Command Line Editing
Variousarrow and control keys on your keyboard allow you to recall, edit,
and reuse statements you have typed earlier. For example, suppose you
mistakenly enter
rho = (1 + sqt(5))/2
You have misspelled sqrt. MATLAB responds with
Undefined function 'sqt' for input arguments of type 'double'.

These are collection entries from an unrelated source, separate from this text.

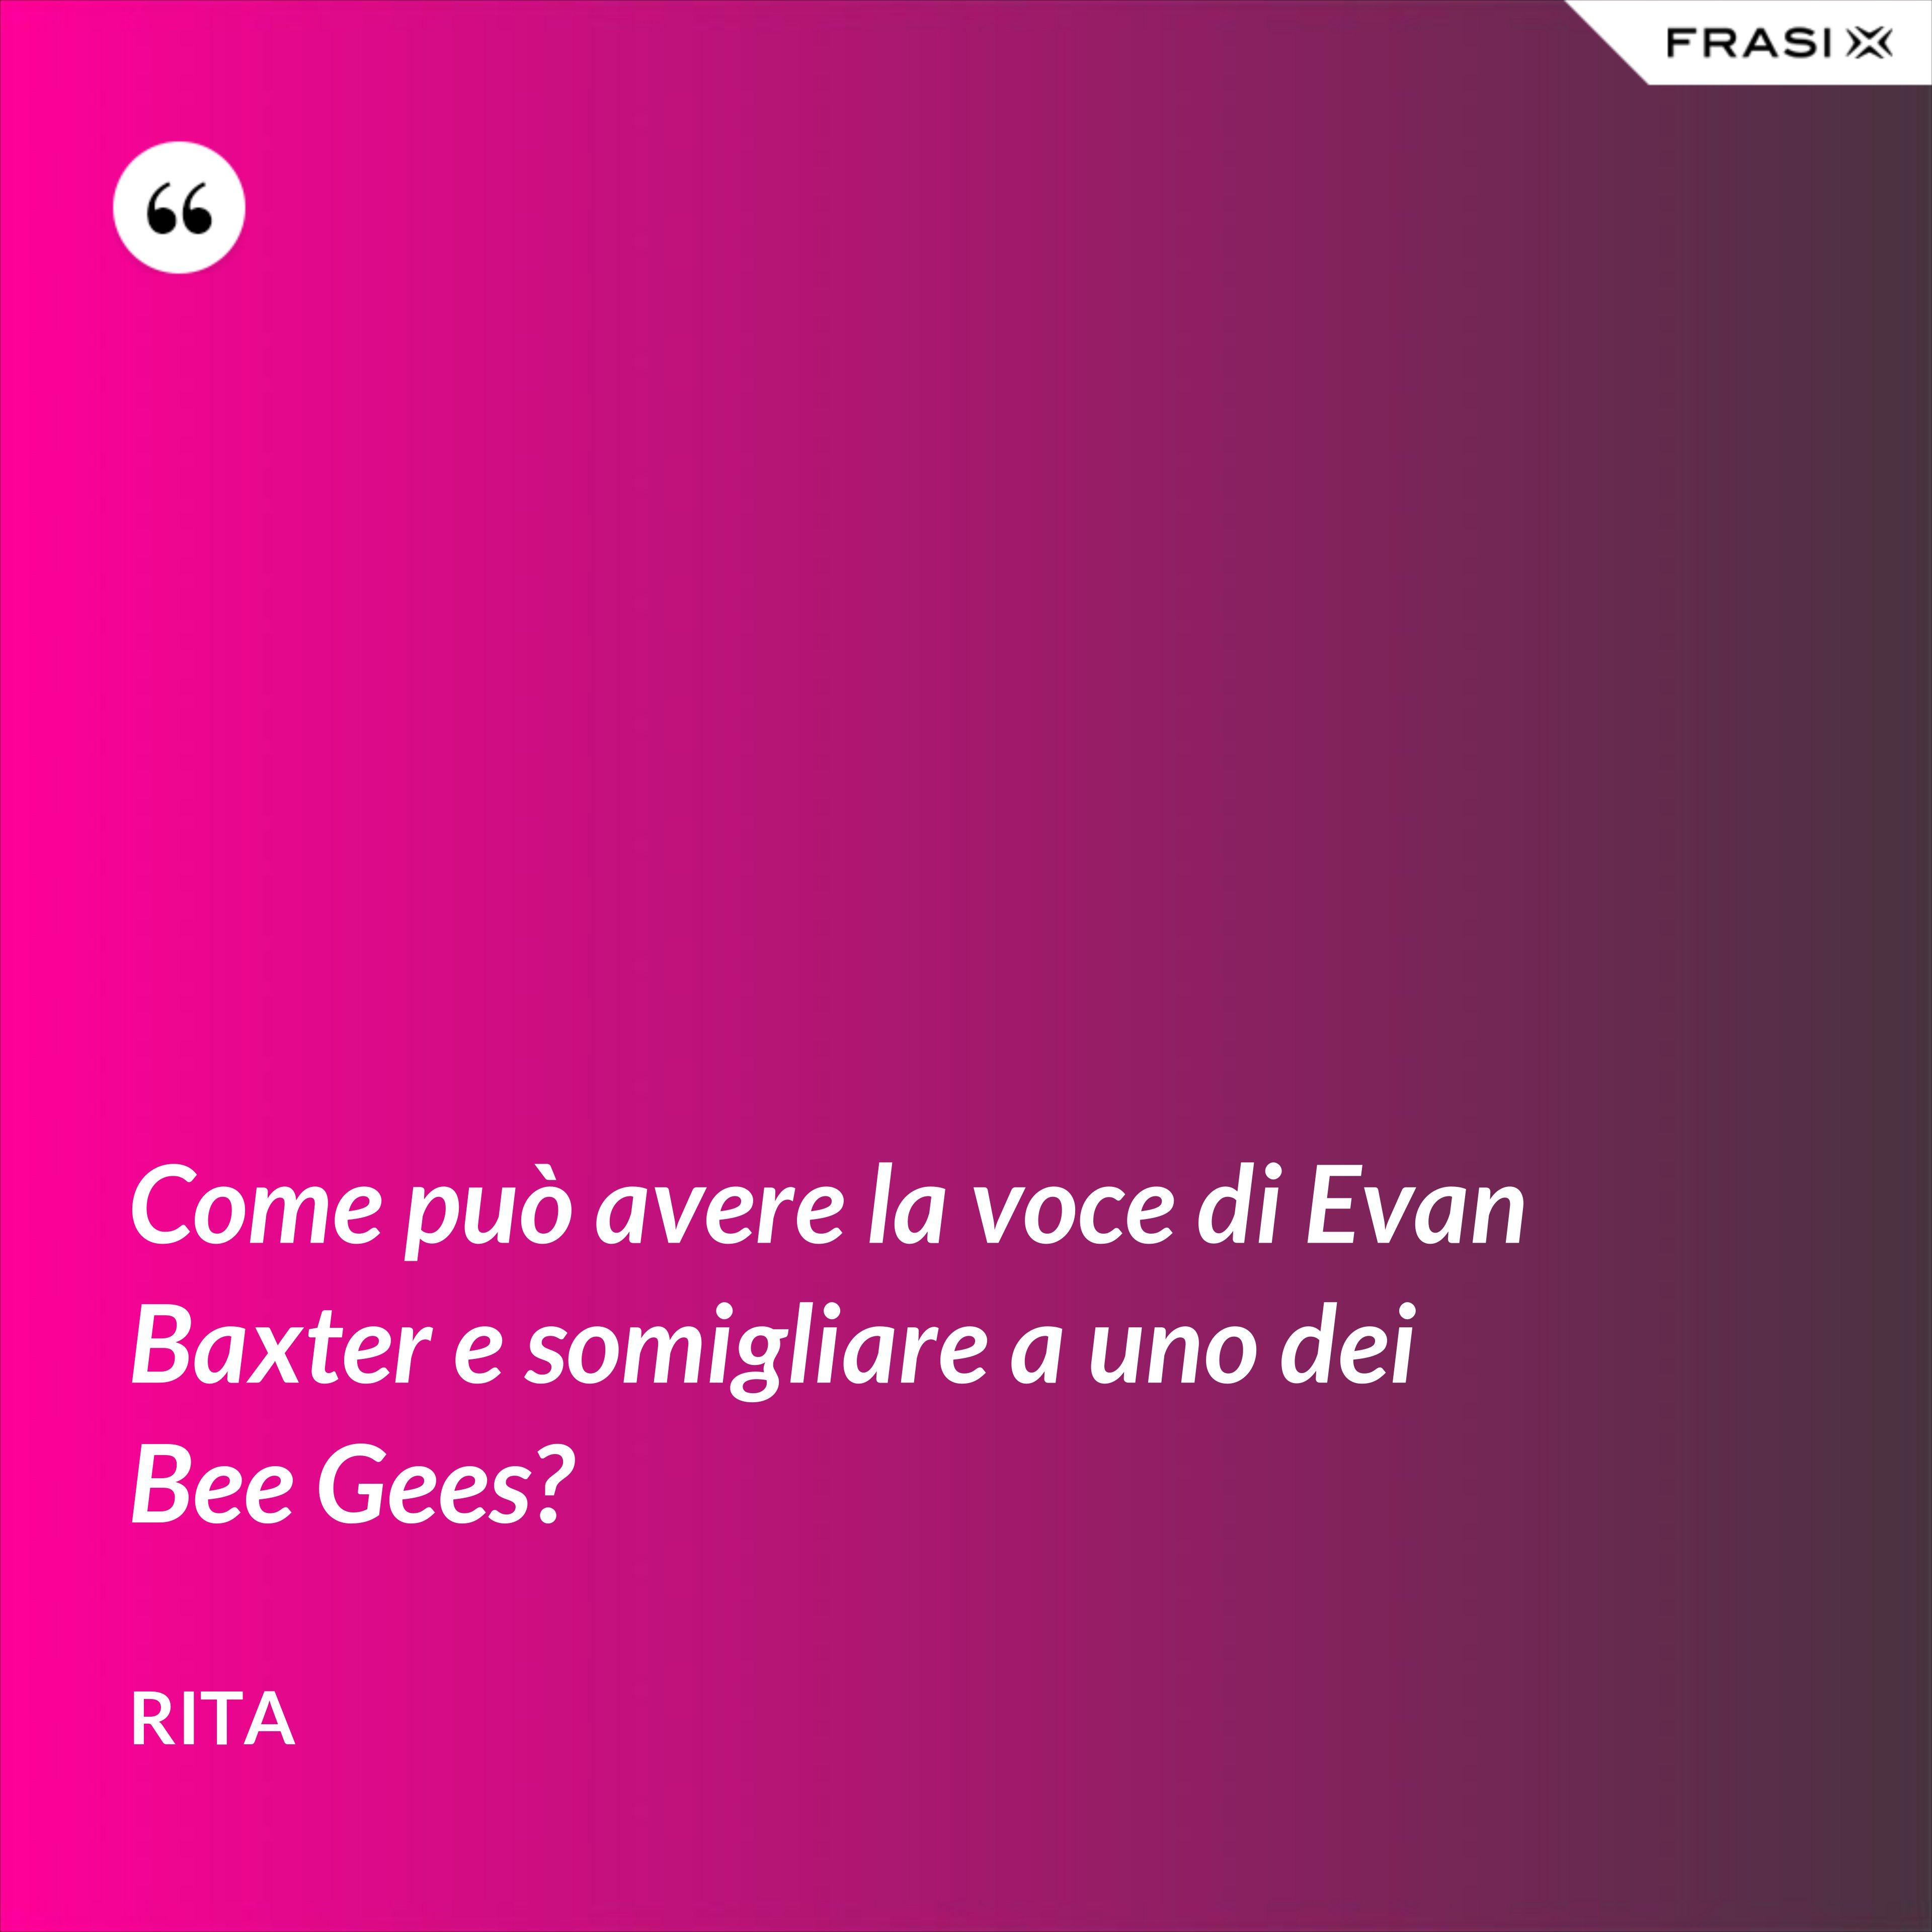 Come può avere la voce di Evan Baxter e somigliare a uno dei Bee Gees? - Rita
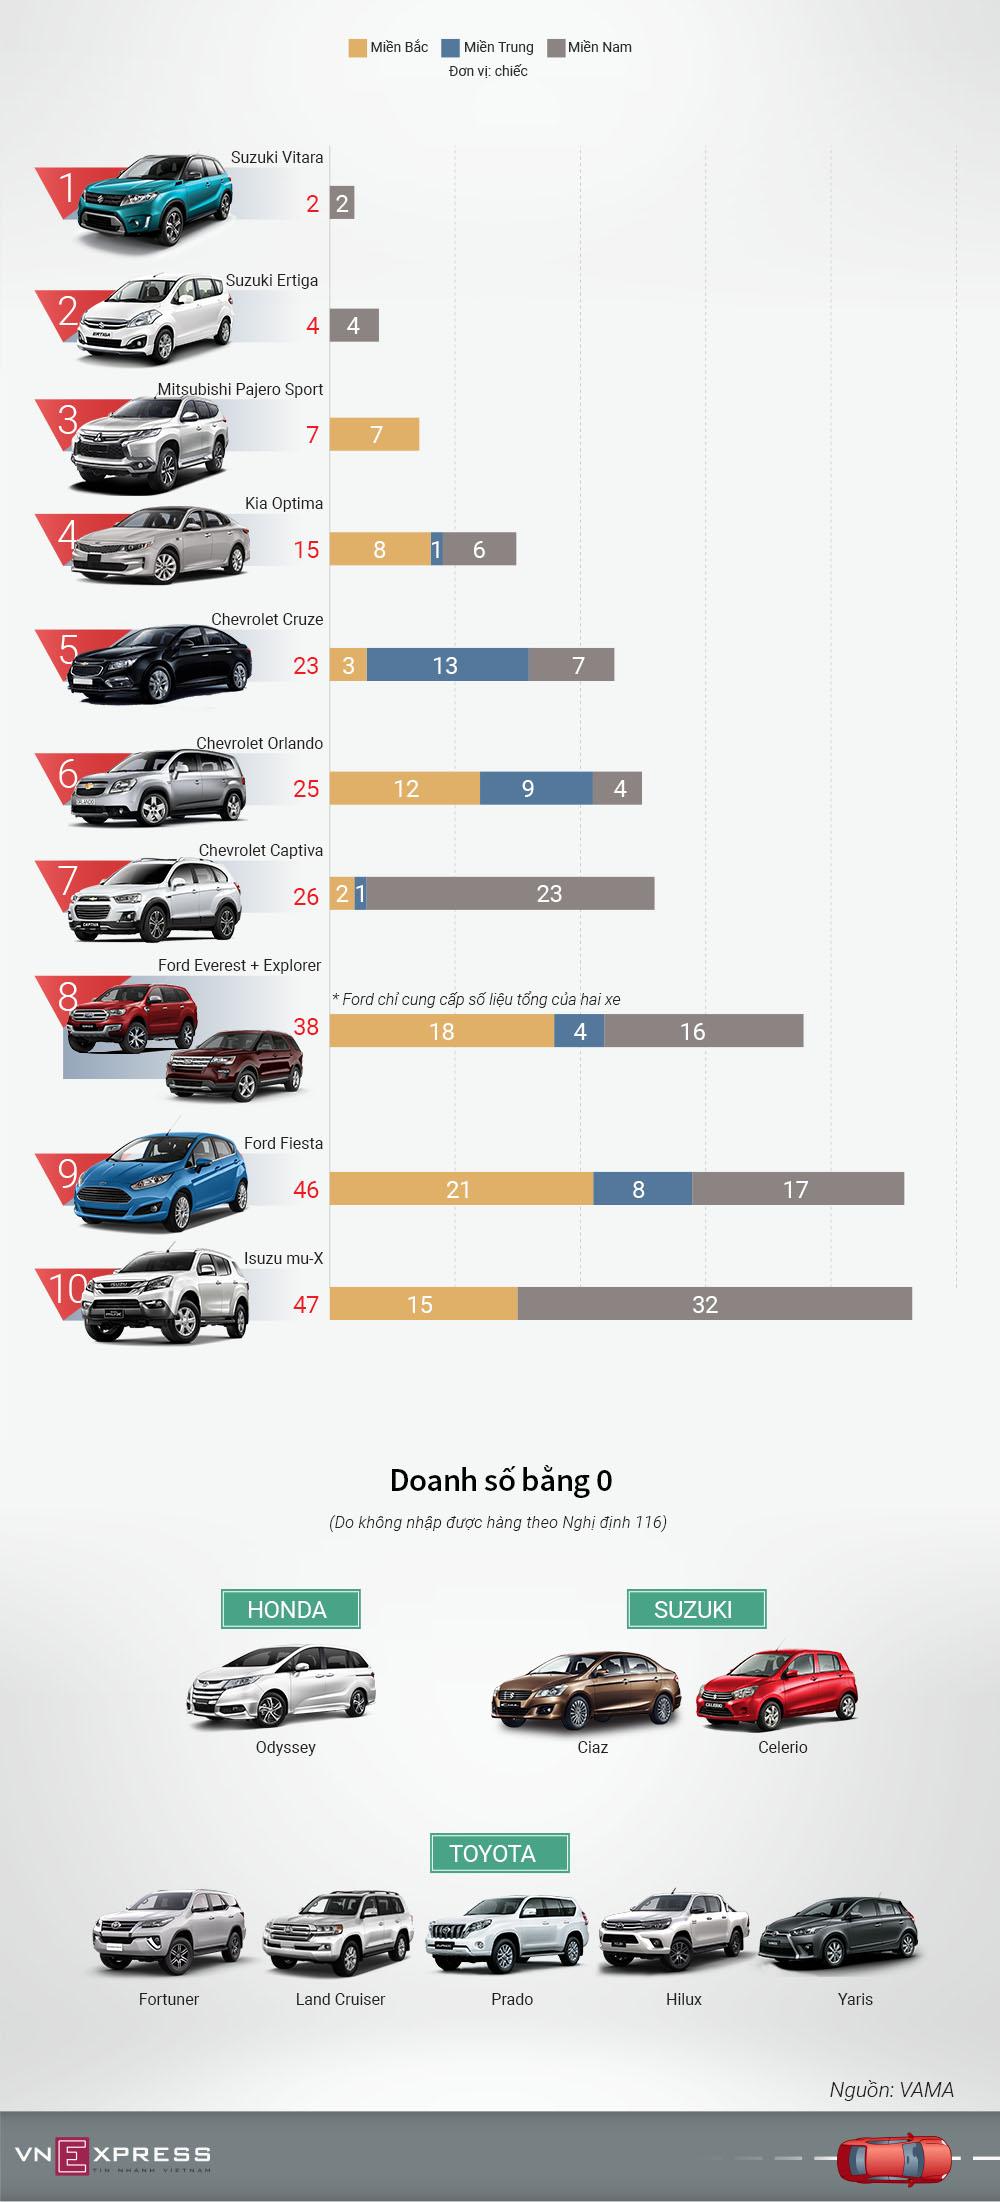 Những mẫu ôtô ít khách nhất tháng 5 tại Việt Nam
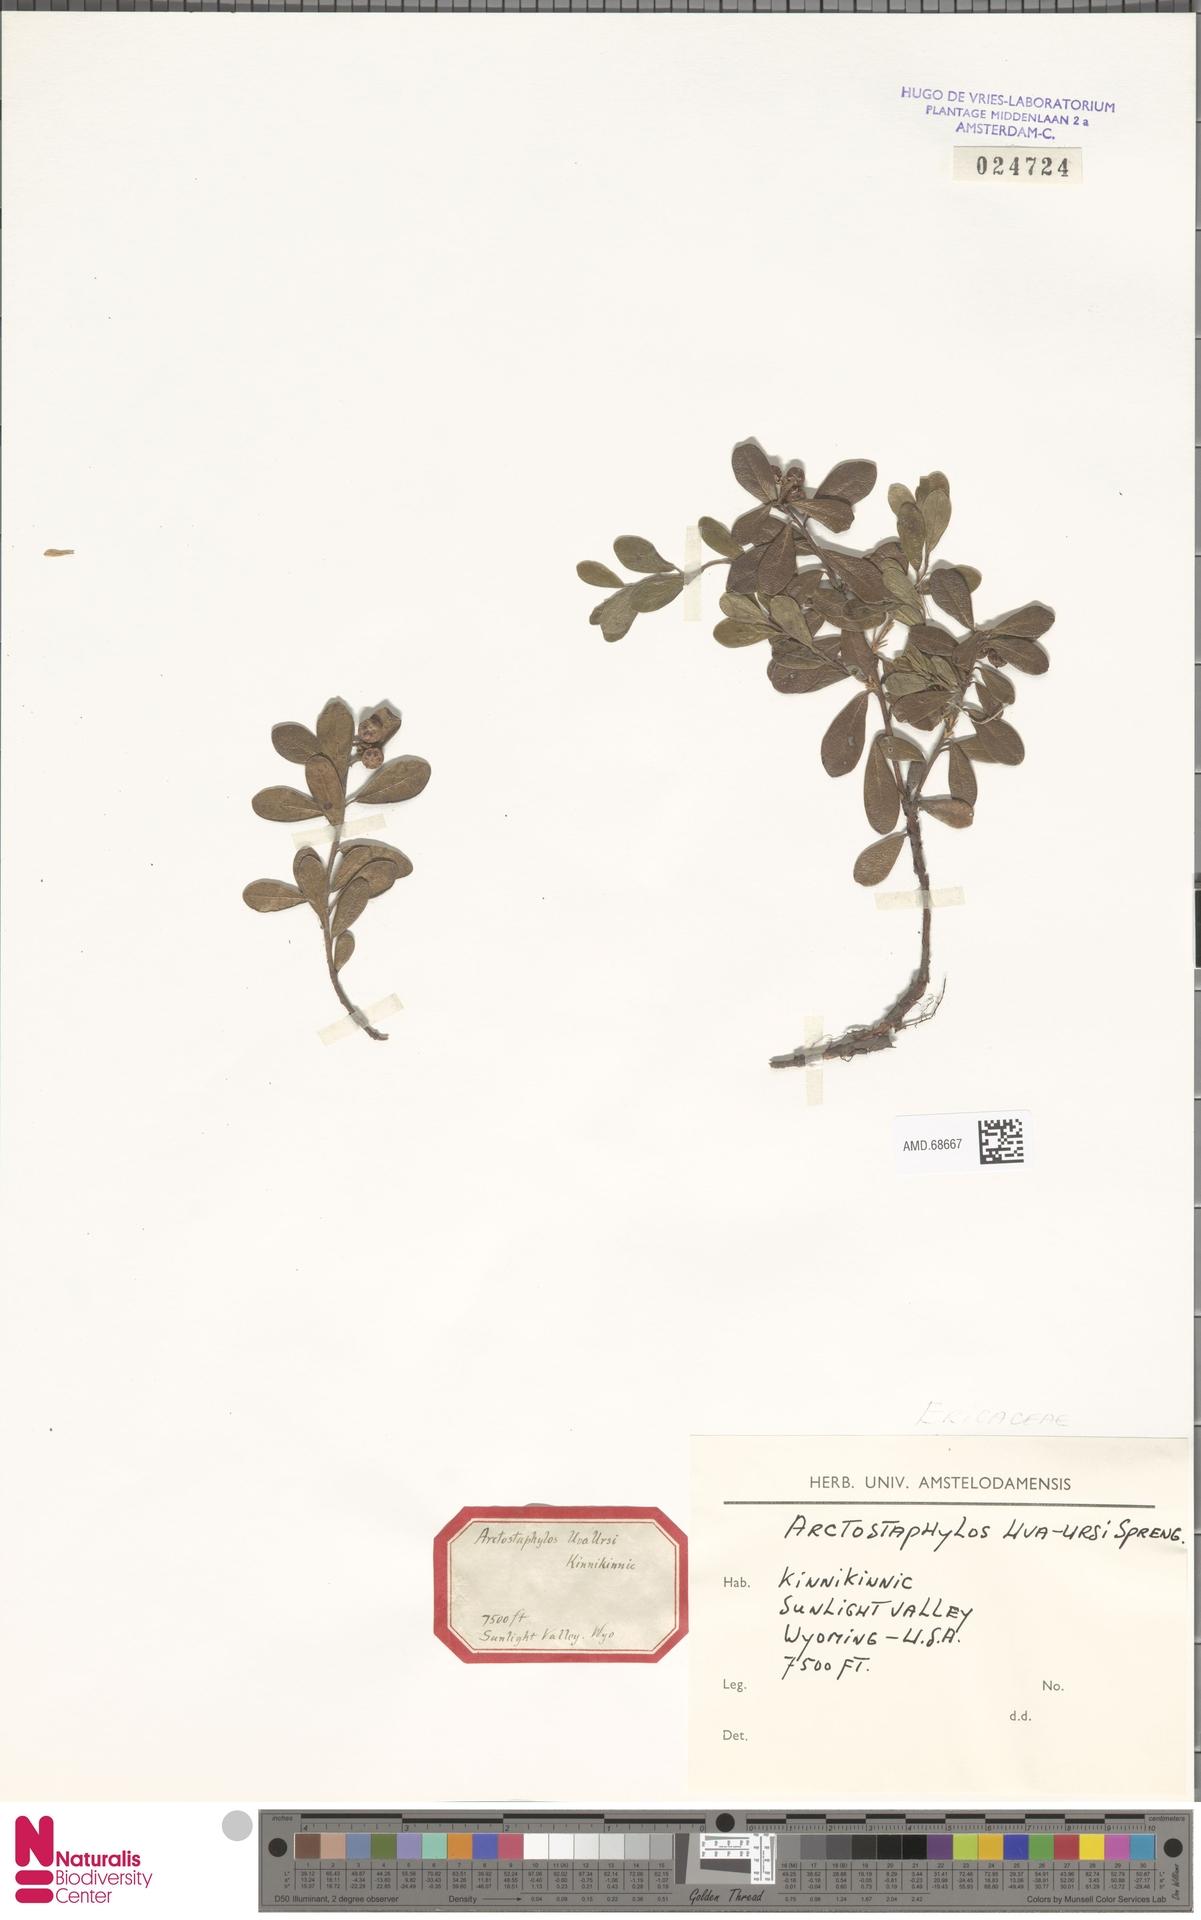 AMD.68667 | Arctostaphylos uva-ursi (L.) Spreng.

Instead of retyping the entire line, simply press the ↑ key. The statement
you typed is redisplayed. Use the ← key to move the cursor over and insert
the missing r. Repeated use of the ↑ key recalls earlier lines. Typing a few
characters, and then pressing the ↑ key finds a previous line that begins with
those characters. You can also copy previously executed statements from
the Command History.
2-20
Indexing
Indexing
In this section...
“Subscripts” on page 2-21
“The Colon Operator” on page 2-22
“Concatenation” on page 2-23
“Deleting Rows and Columns” on page 2-24
“Scalar Expansion” on page 2-25
“Logical Subscripting” on page 2-26
“The find Function” on page 2-27
Subscripts
The element in row i and column j of A is denoted by A(i,j). For example,
A(4,2) is the number in the fourth row and second column. For the magic
square, A(4,2) is 15. So to compute the sum of the elements in the fourth
column of A, type
A(1,4) + A(2,4) + A(3,4) + A(4,4)
This subscript produces
ans =
34
but is not the most elegant way of summing a single column.
It is also possible to refer to the elements of a matrix with a single subscript,
A(k). A single subscript is the usual way of referencing row and column
vectors. However, it can also apply to a fully two-dimensional matrix, in
which case the array is regarded as one long column vector formed from the
columns of the original matrix. So, for the magic square, A(8) is another way
of referring to the value 15 stored in A(4,2).
If you try to use the value of an element outside of the matrix, it is an error:
t = A(4,5)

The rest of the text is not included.